The Agilent 1260 Infinity Capillary LC System (Agilent Technologies, Santa Clara, CA, USA) was used for basic reverse-phase liquid chromatographic fractionation and includes a binary pump, variable wavelength detector, an autosampler, and an automatic fraction collector. Dried samples were reconstituted in solvent A (10-mM TEAB, pH 8.5) and loaded onto an Agilent Zorbax 300Extend-C18 HPLC column (4.6 mm × 25 cm, 5 µm; Agilent Technologies).

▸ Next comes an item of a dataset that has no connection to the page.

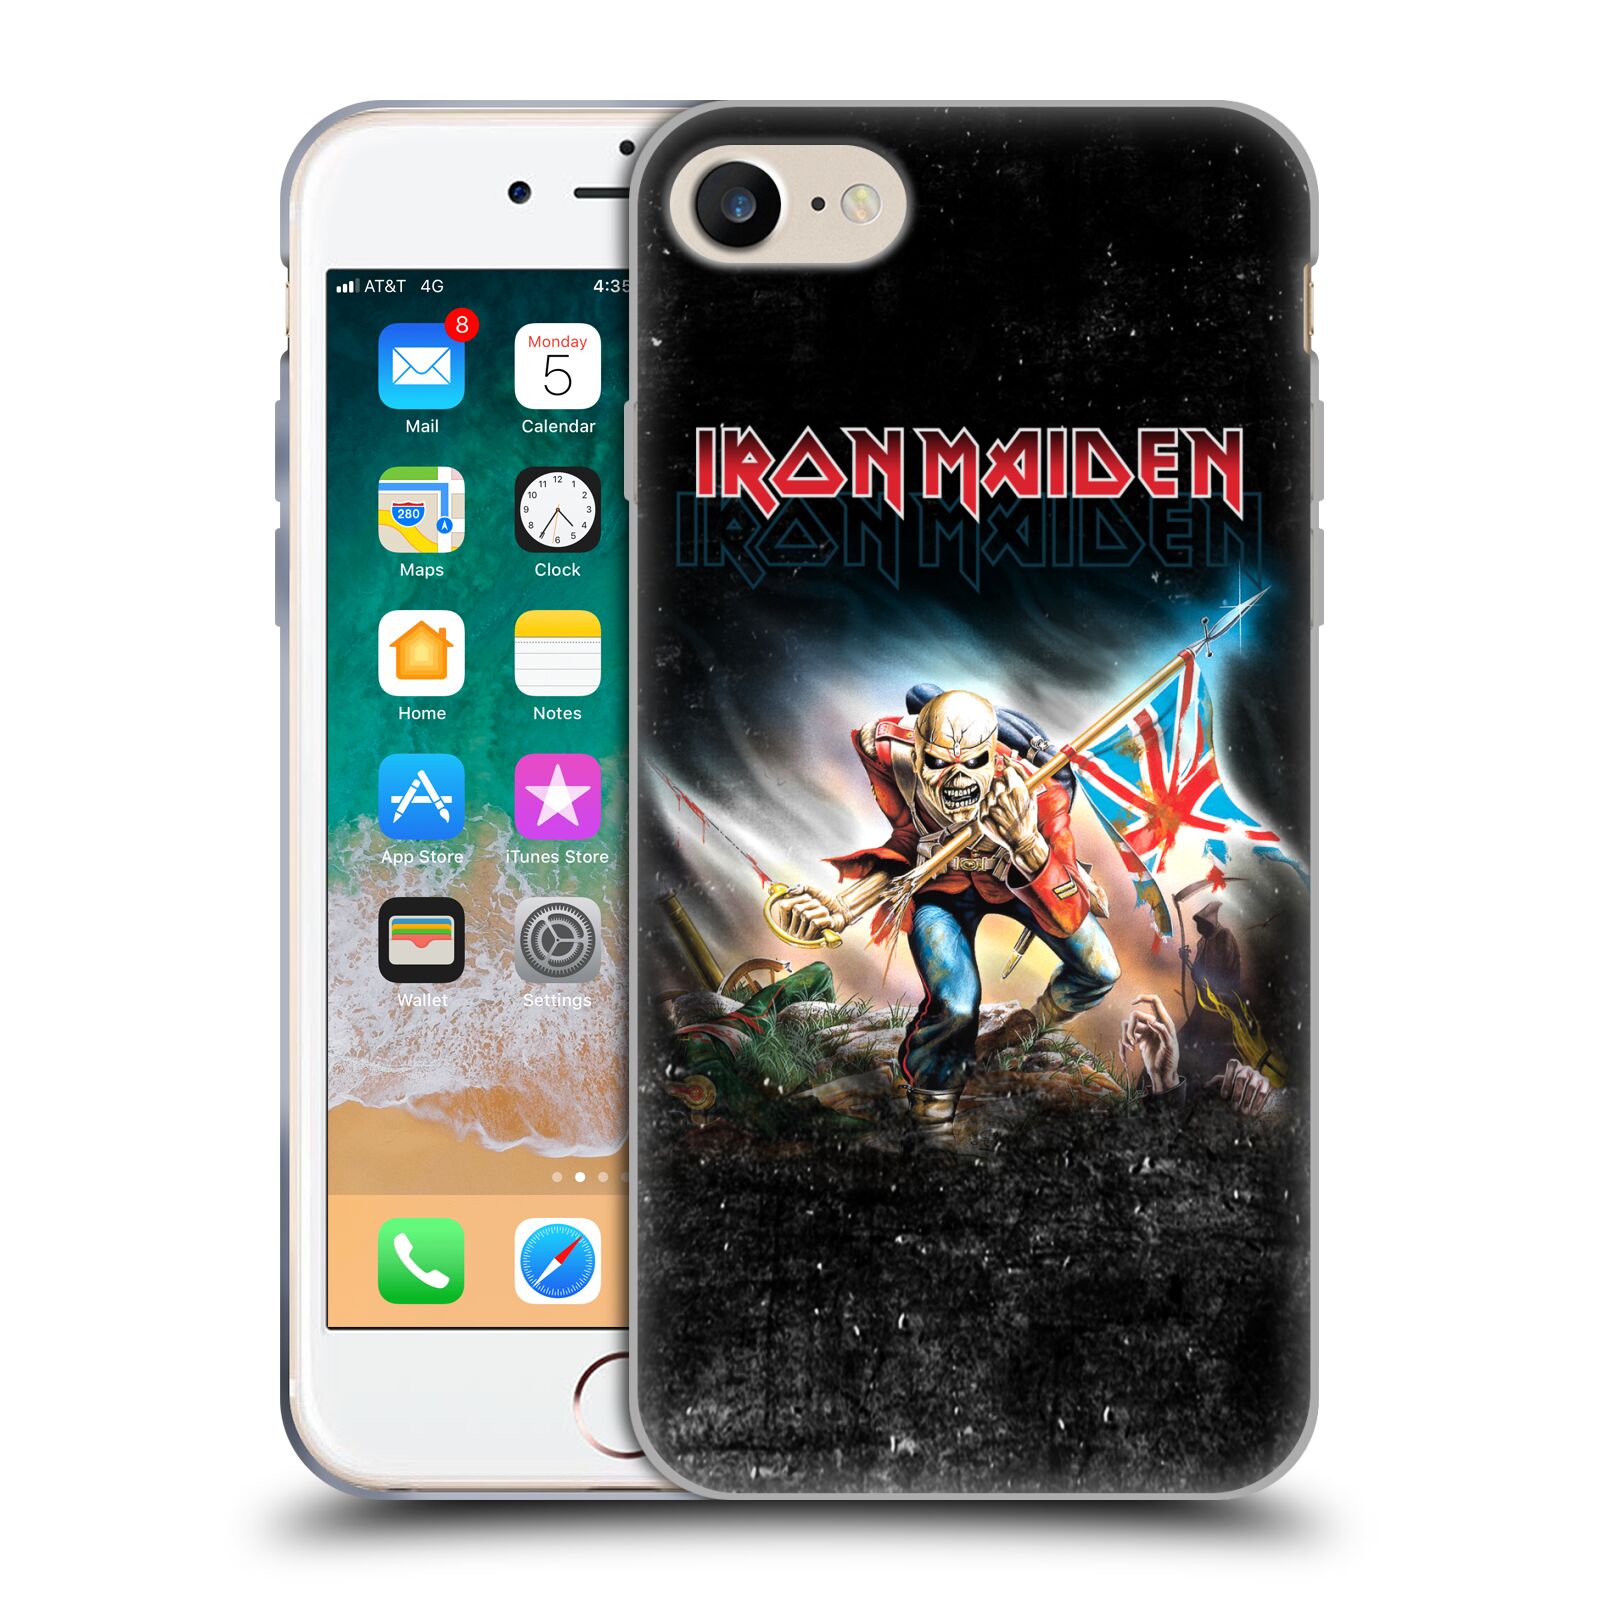 Silikonové pouzdro na mobil Apple iPhone 7 HEAD CASE - Iron Maiden - Trooper 2016 (Silikonový kryt či obal na mobilní telefon s licencovaným motivem Iron Maiden Apple iPhone 7)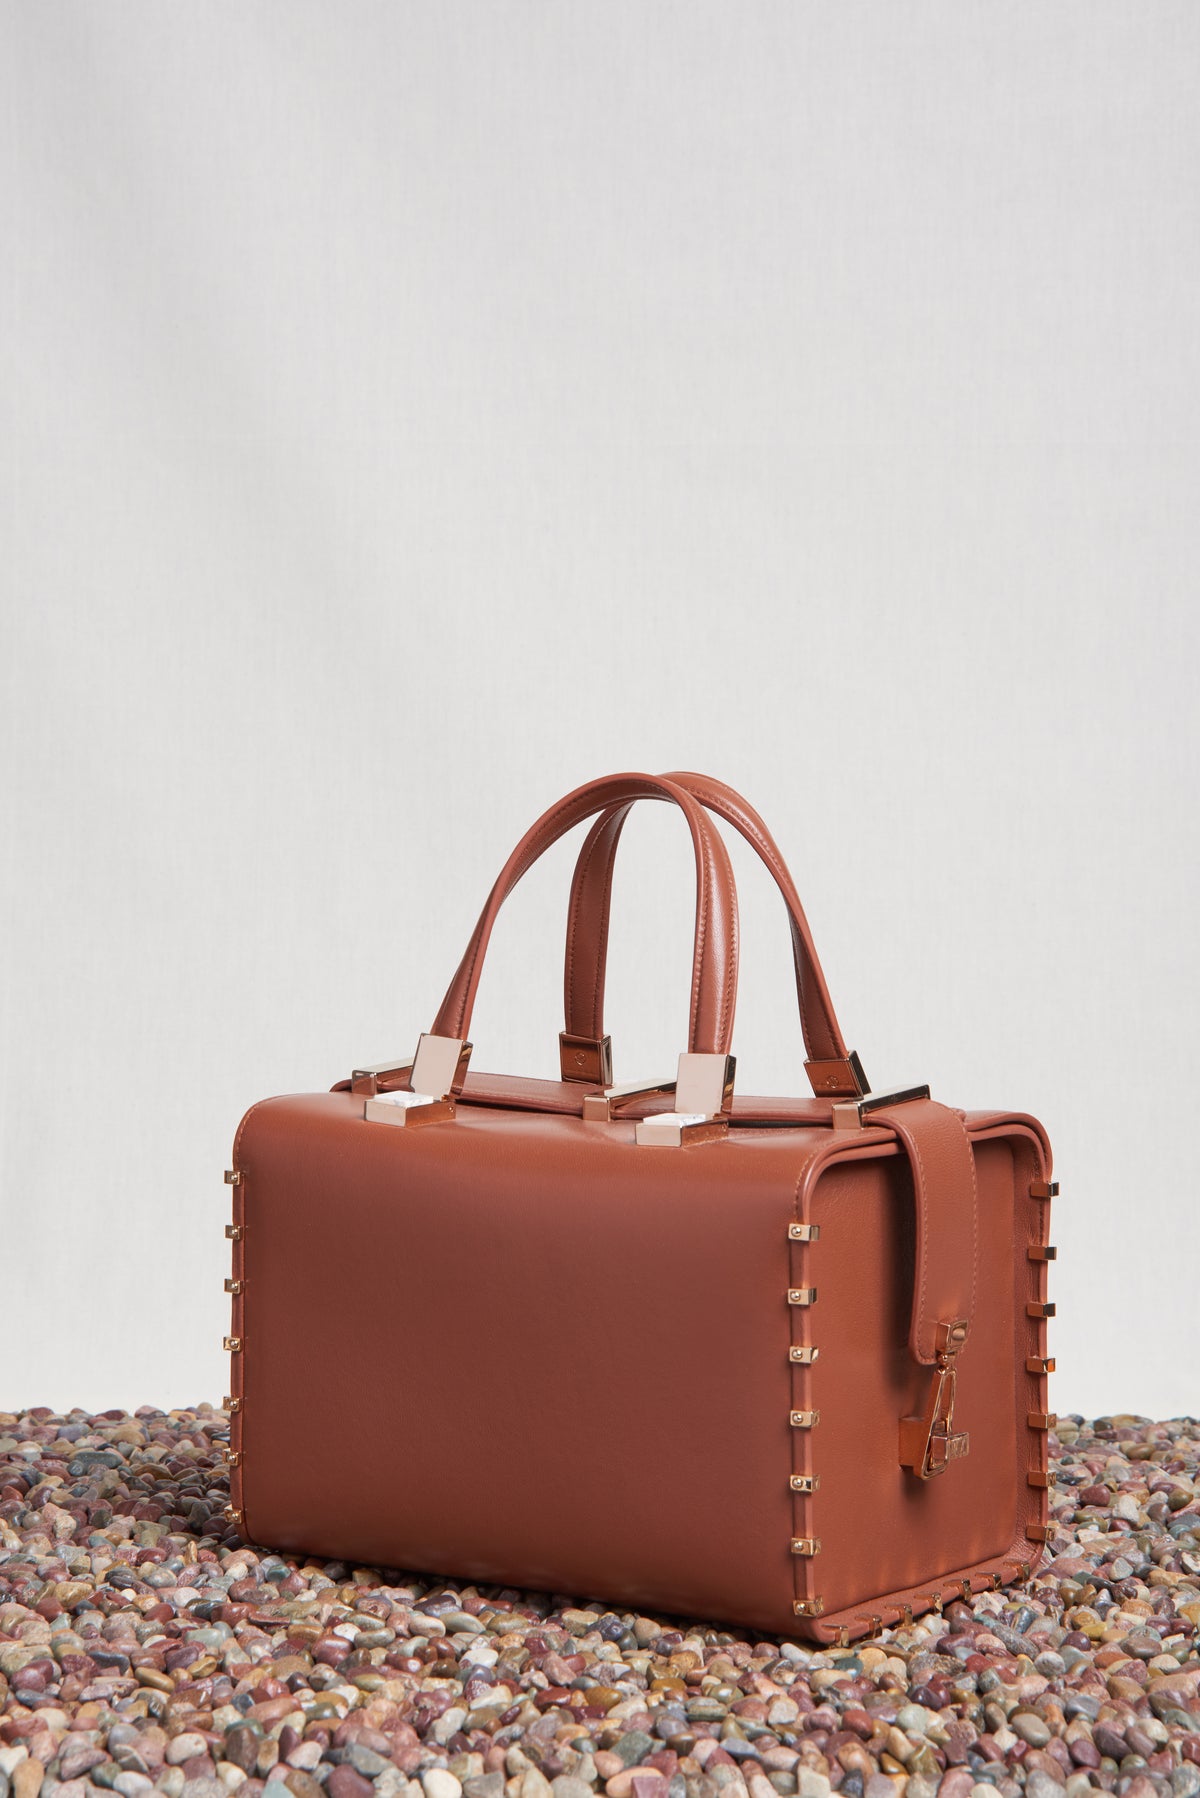 Wabi Bag in Cognac Nappa Leather

Peptides were resolved using a gradient of 2% to 50% solvent B (10-mM TEAB in 90% acetonitrile, pH 8.5) at a flow rate of 0.3 mL/min over 100 minutes, collecting 96 fractions. Subsequently, the fractions were concatenated into 24 fractions followed by vacuum drying using a SpeedVac vacuum concentrator (Thermo Fisher Scientific). The dried peptides were suspended in 30 µL of 0.1% formic acid, and 15 µL was injected.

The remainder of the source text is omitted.